Dabo Li
Contributing Writer

 

Linda Martín Alcoff, invitee for the Philosophy Department’s Ninth Lindner Lecture in Ethics, will speak on the future of whiteness at the College next week.

Originally from Panama, Martín Alcoff now lives in Brooklyn, New York. She holds degrees from Georgia State University (B.A. and M.A.) and Brown University (Ph.D.)and served as President of the American Philosophical Association, Eastern Division, in 2012-2013. Her writings have focused on social identity and race, epistemology and politics, sexual violence and theory such as Foucault and Dussel and Latino issues in philosophy. Martín Alcoff was named the Distinguished Woman in Philosophy for 2005 by the Society for Women in Philosophy; the following year she was named one of the 100 Most Influential Hispanics in the United States by Hispanic Business magazine.
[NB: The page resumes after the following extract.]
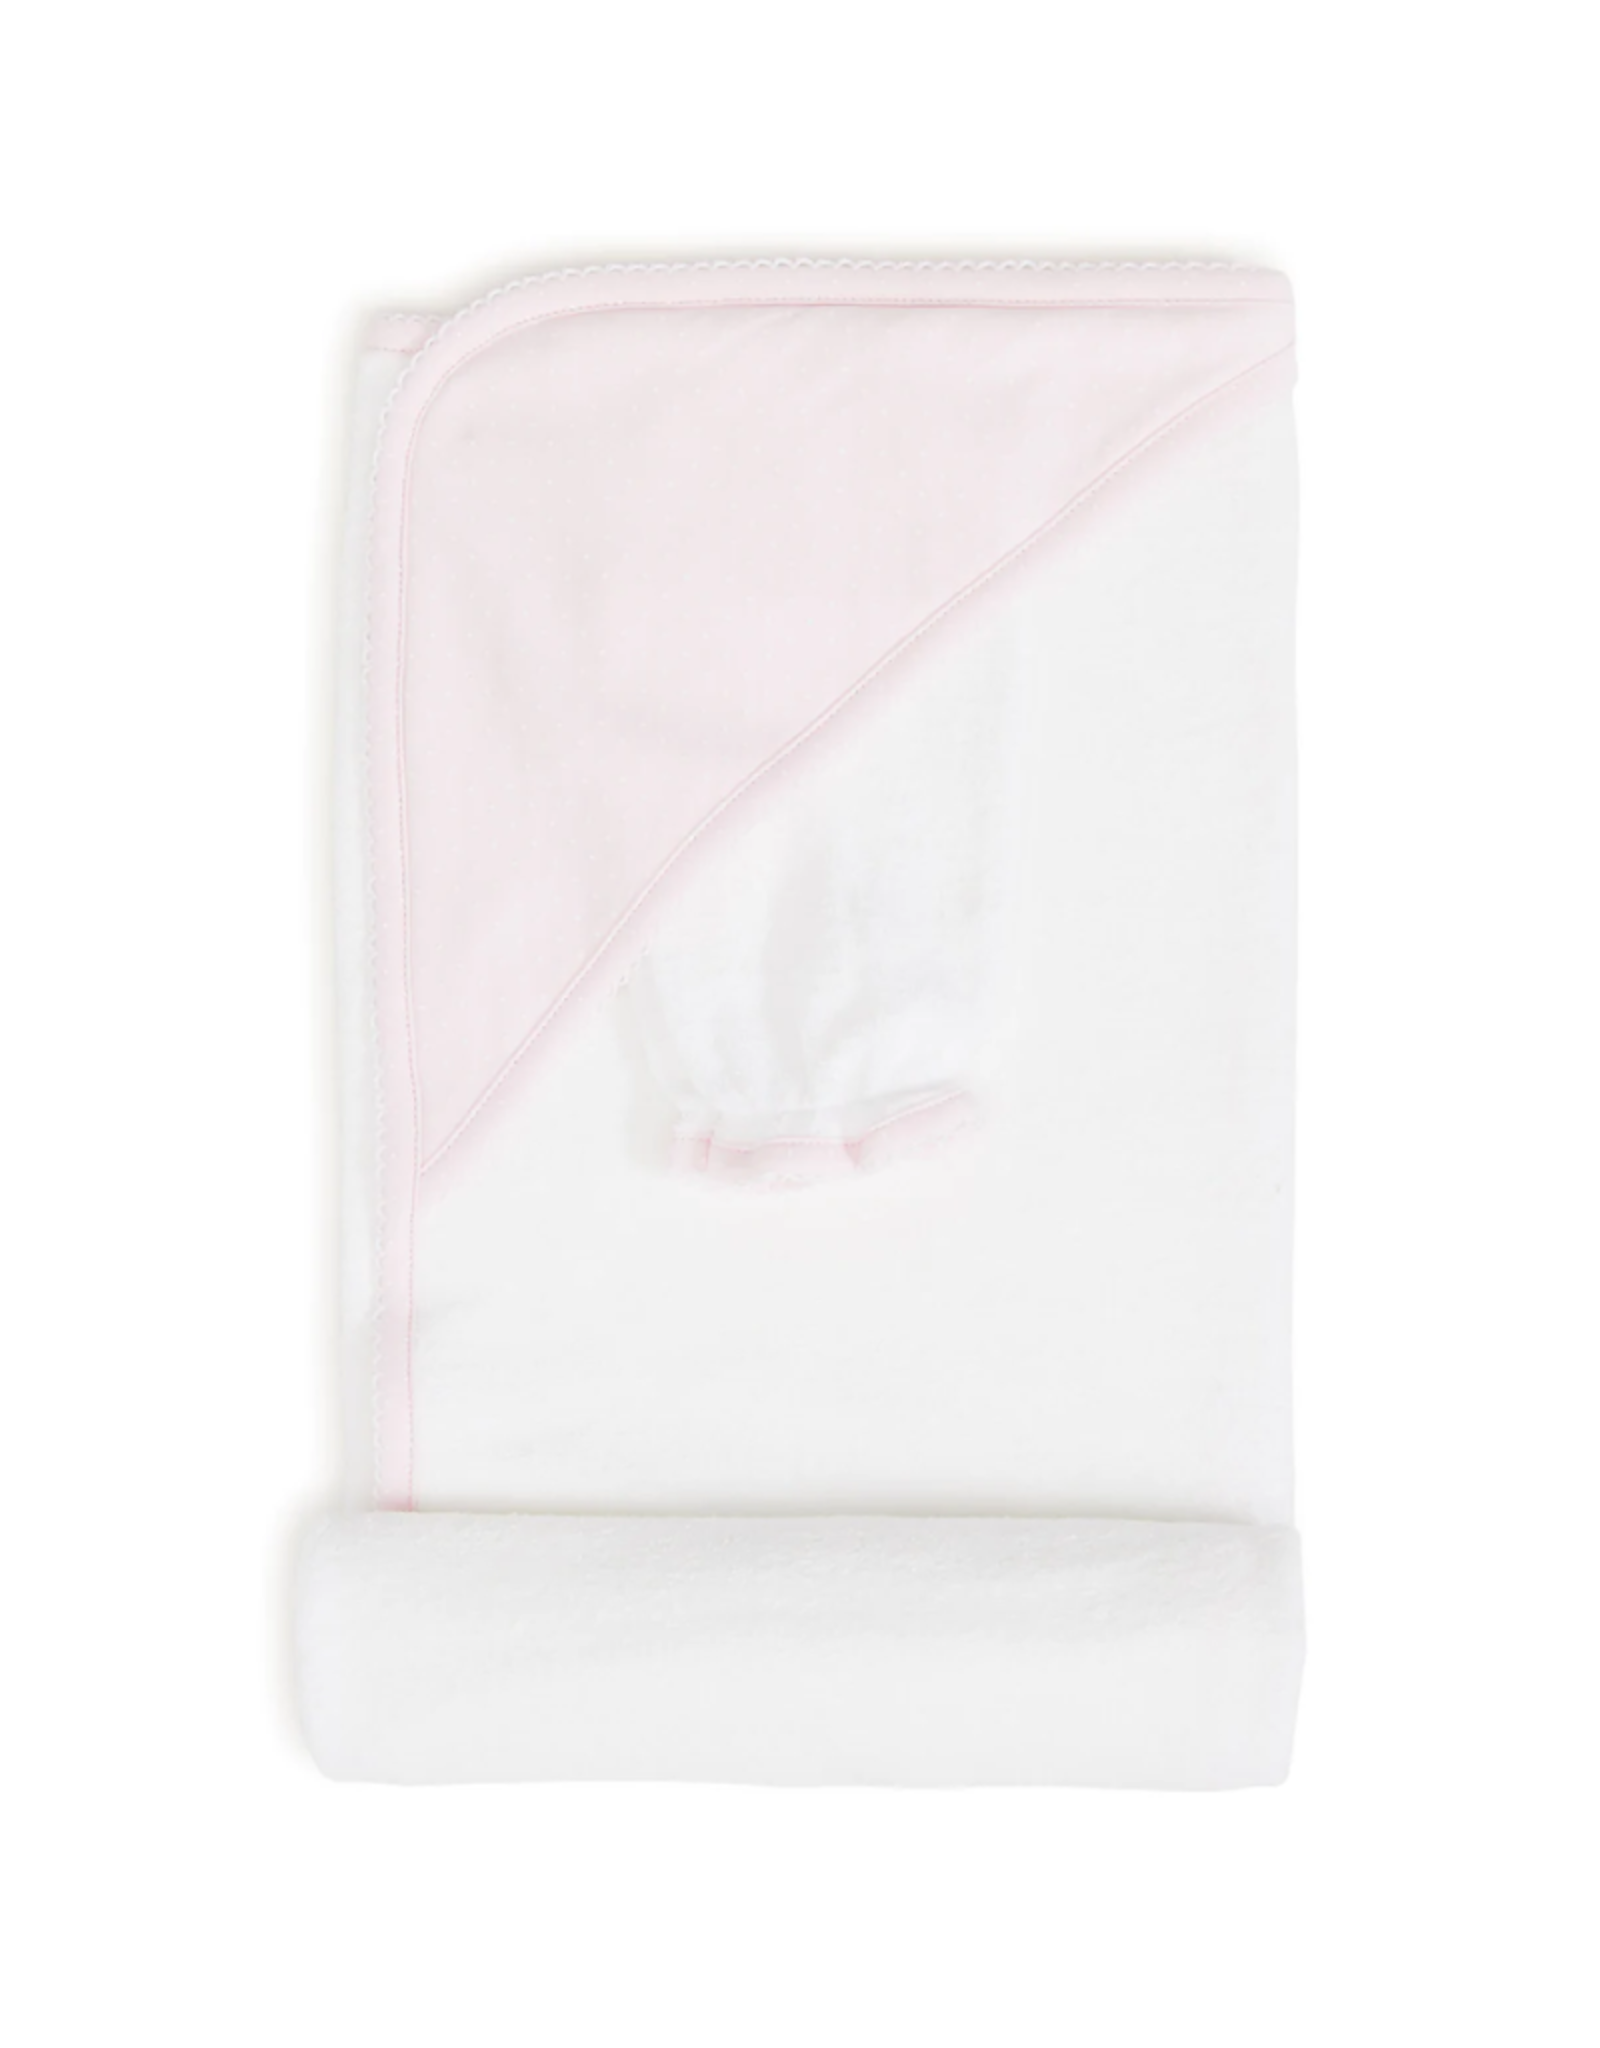 Kissy Kissy New Kissy Dots Towel w/ Mitt, Pink/White
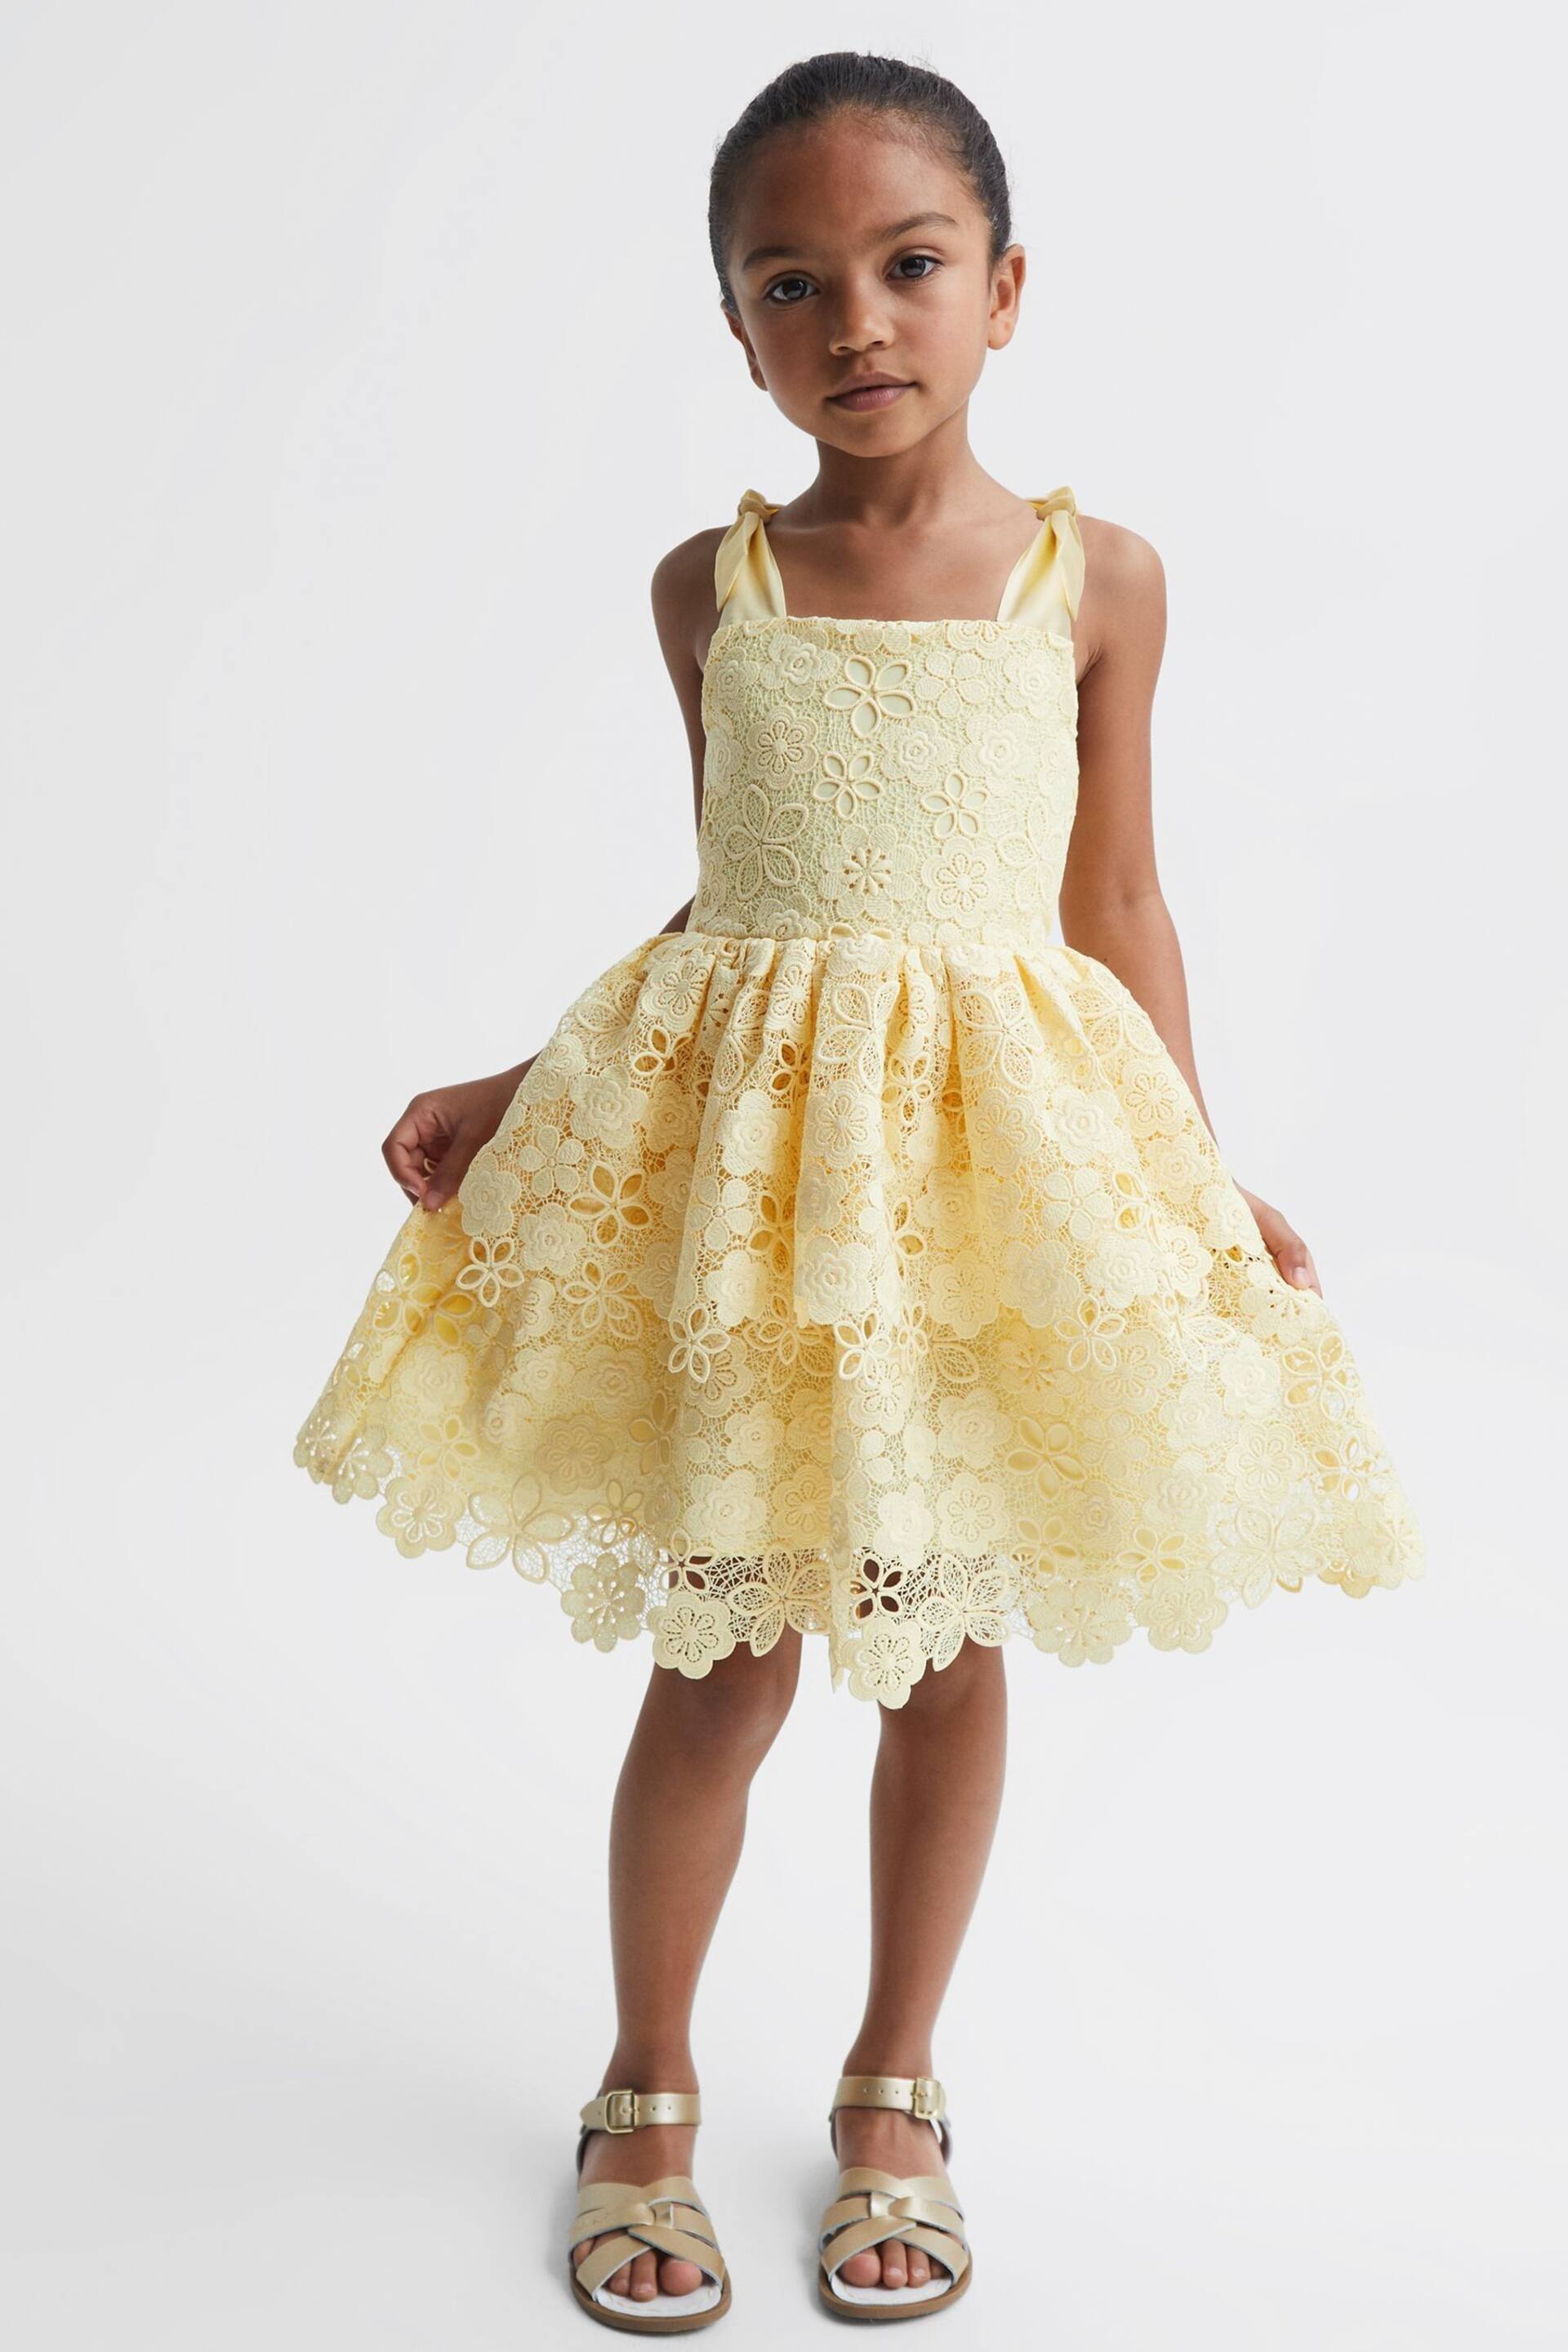 Reiss Lemon Bethany Senior Bow Strap Lace Dress - Image 1 of 6

Martín Alcoff’s talk will offer philosophical perspectives discussed in her upcoming book, The Future of Whiteness, to be published by Palgrave Publishers in 2015. According to Martín Alcoff, the U.S. will become a majority nonwhite country in 2042.

“It [the book] offers a theory about social identities in general and whiteness in particular and looks at the relationship between white identity and white supremacy,” said Martín Alcoff. “I argue that a great deal of what we see in the national news is actually about this — a sturm und drang [storm and stress] caused by white apprehension.”

If you are interested in learning about the philosophy of philosophy, you should attend Martín Alcoff’s lecture. She writes on her website, http://alcoff.com, “Despite how much I have loved philosophy, I have often felt an extreme alienation from most of it, and that my lifeworld is invisible to the world of public discourse and absent from the canonical tradition.” She adds, “But, still naive, I have felt this to be all the more reason to stay in the field, to try and communicate and justify my perceptions, and to critique the false universalism of philosophies which are almost always based on culturally limited intuitions.”